WHAT TO DO
All of the data should be copied exactly, with the pictures left out.

THE DATA
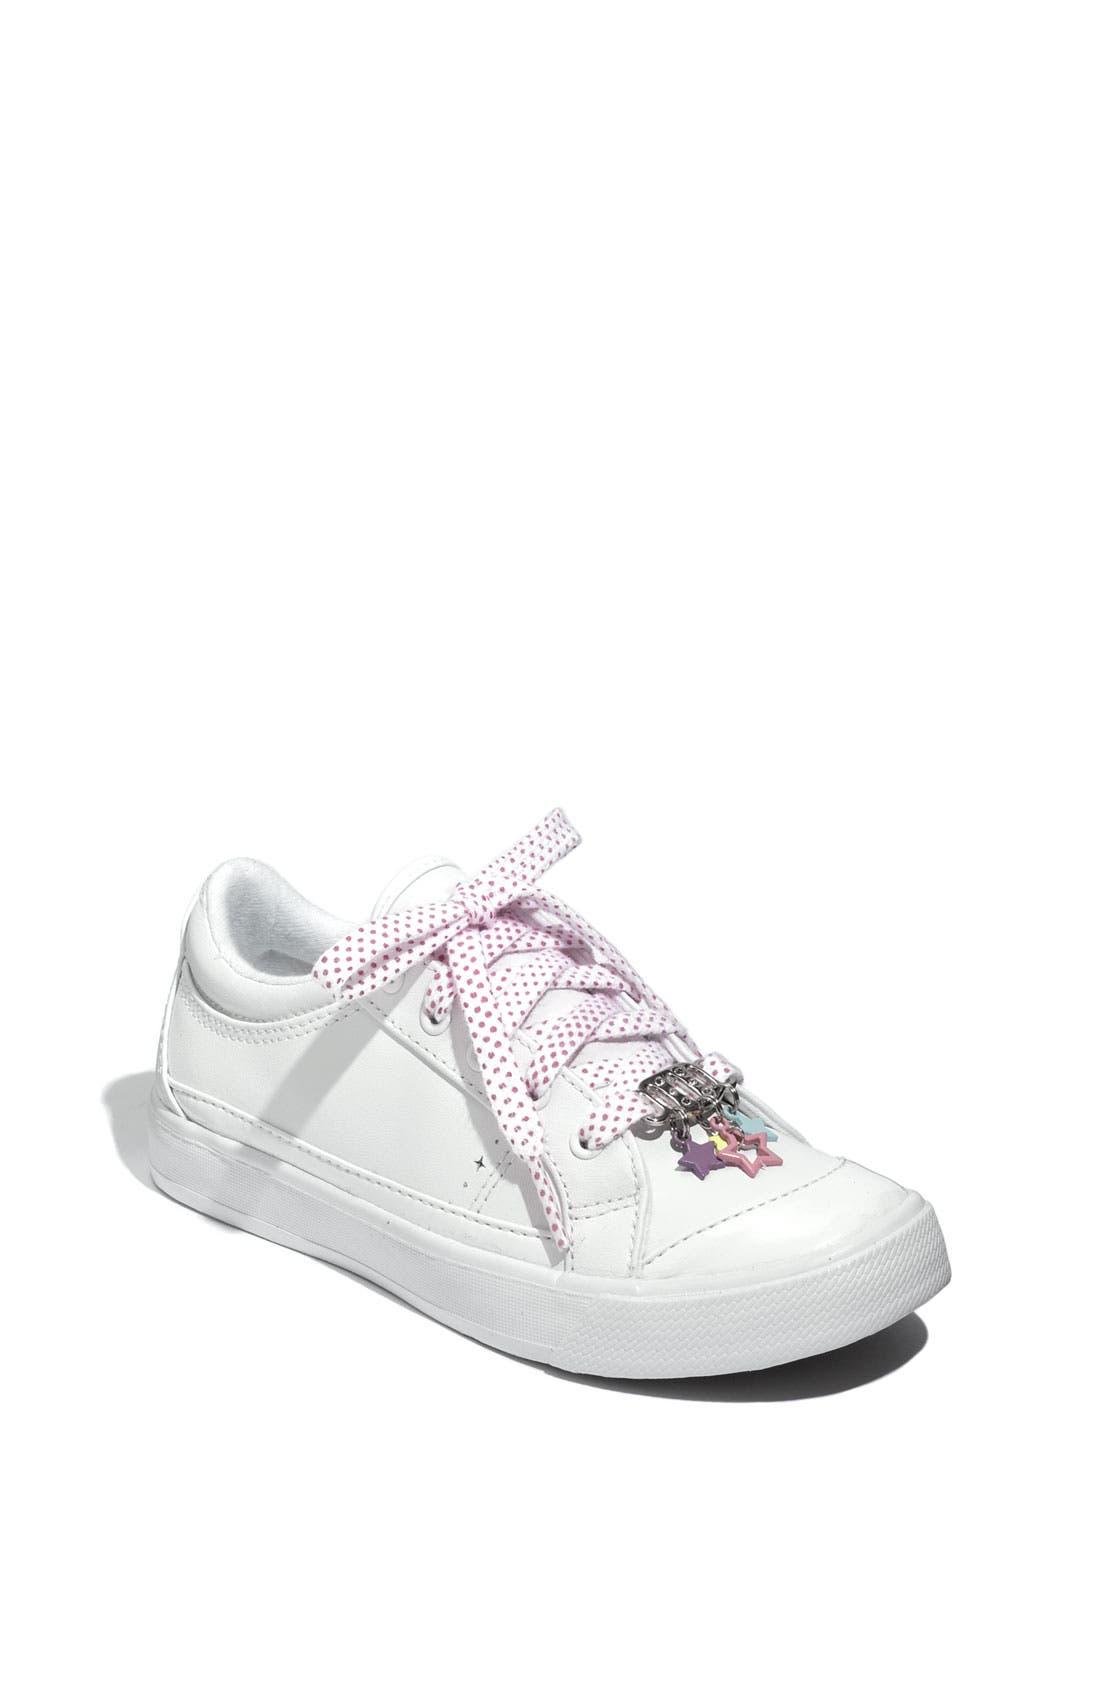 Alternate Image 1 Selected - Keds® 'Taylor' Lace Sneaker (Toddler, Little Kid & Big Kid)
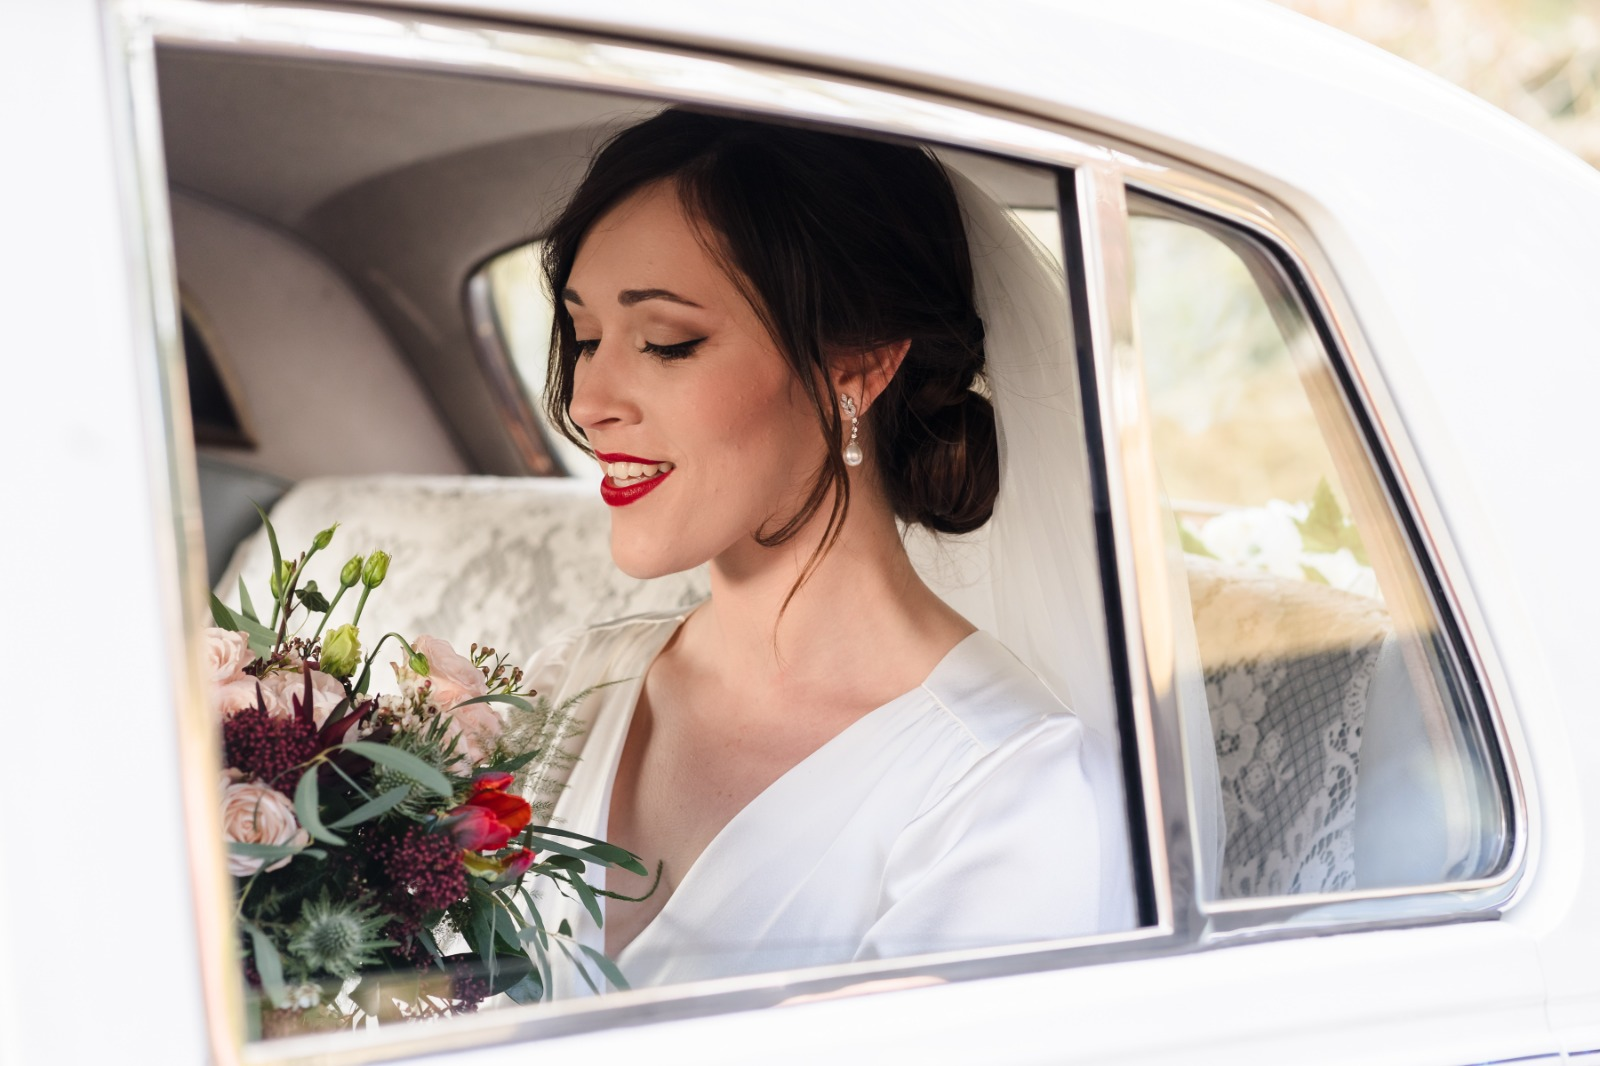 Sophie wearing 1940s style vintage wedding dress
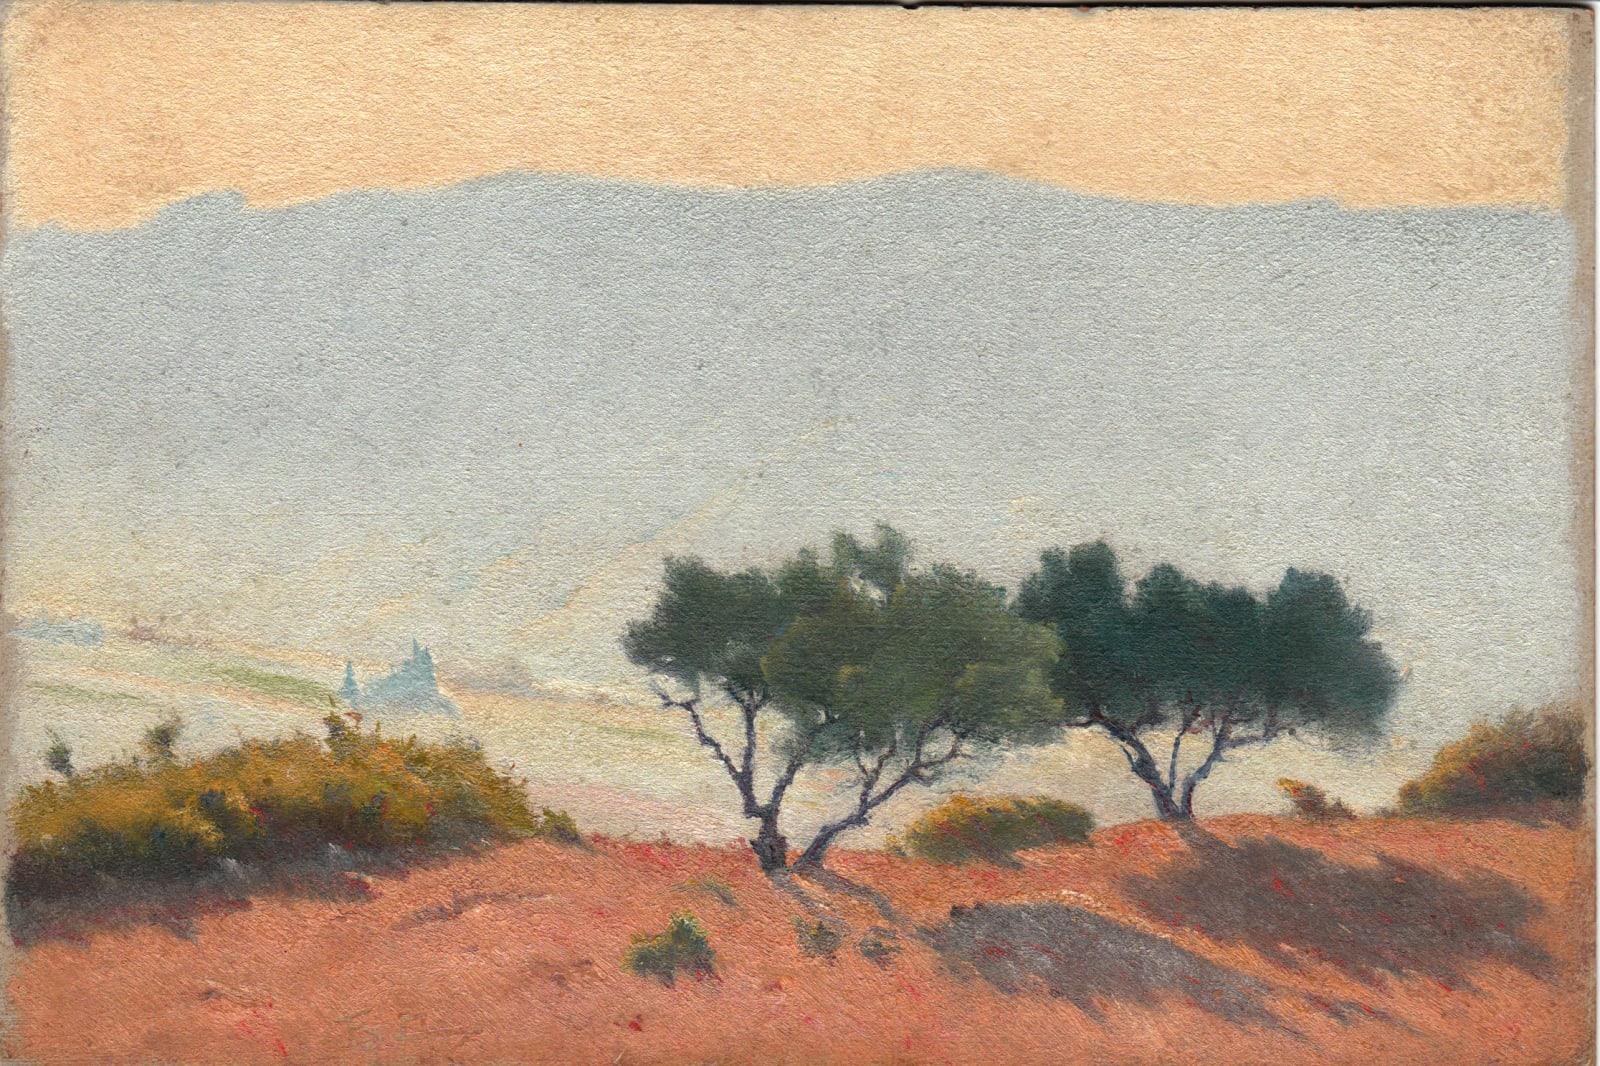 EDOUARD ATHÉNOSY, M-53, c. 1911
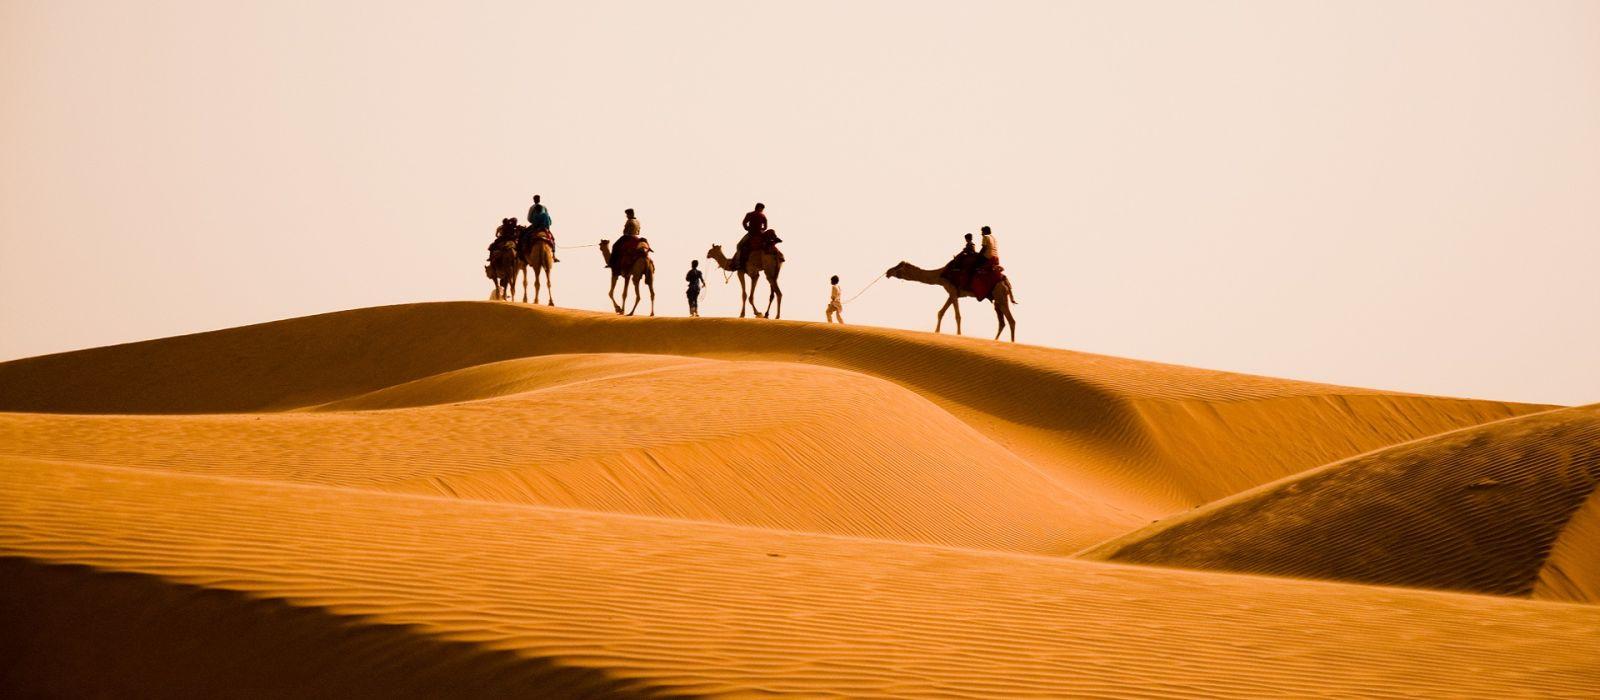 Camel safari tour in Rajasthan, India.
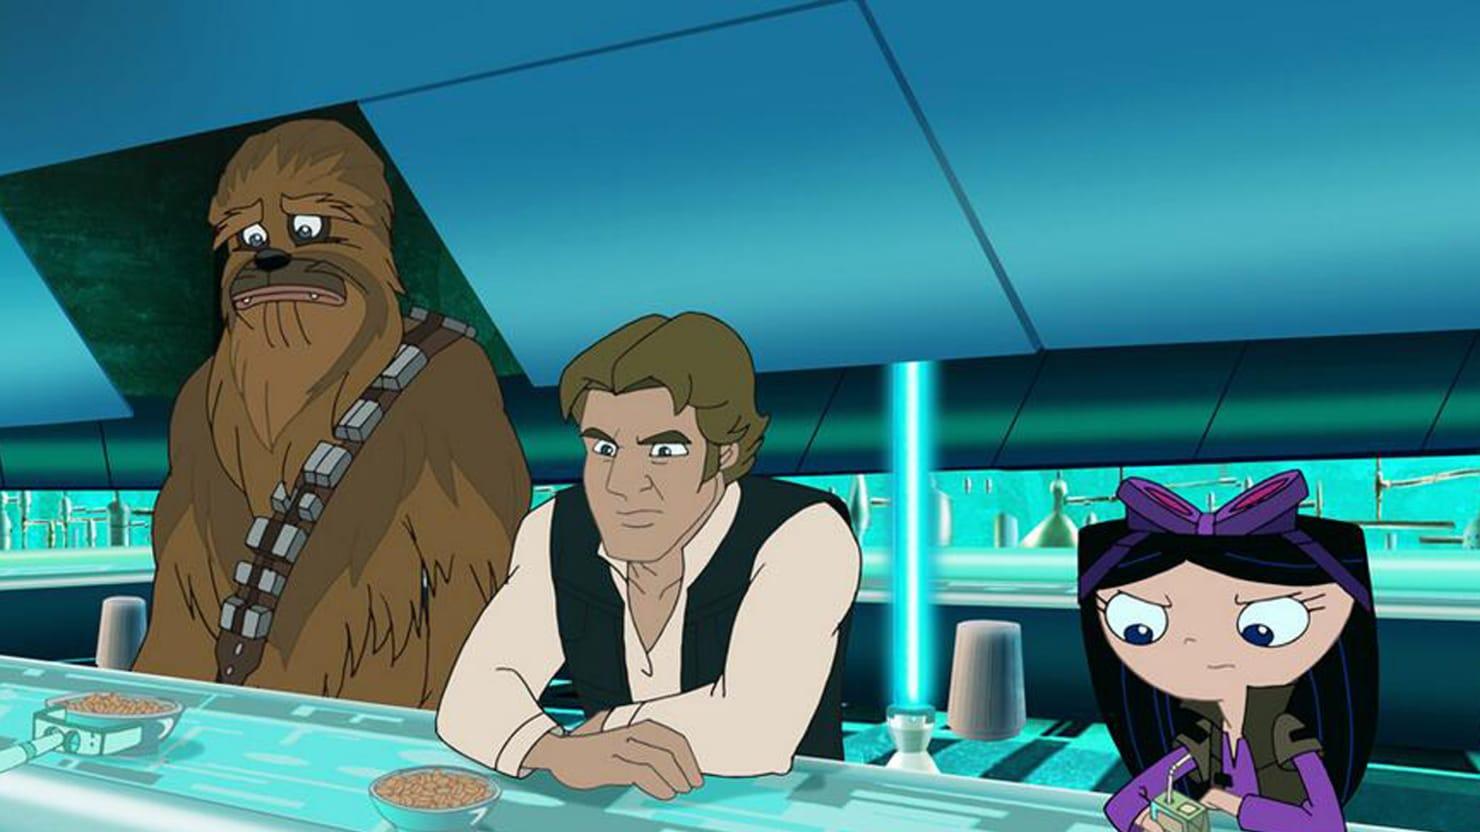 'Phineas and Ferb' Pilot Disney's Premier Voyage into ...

FINISHED EXERCISE
 Alternate Image 1 Selected - Keds® 'Taylor' Lace Sneaker (Toddler, Little Kid & Big Kid)
 Sophie wearing 1940s style vintage wedding dress
 EDOUARD ATHÉNOSY, M-53, c. 1911
 Camel safari tour in Rajasthan, India.
 'Phineas and Ferb' Pilot Disney's Premier Voyage into ...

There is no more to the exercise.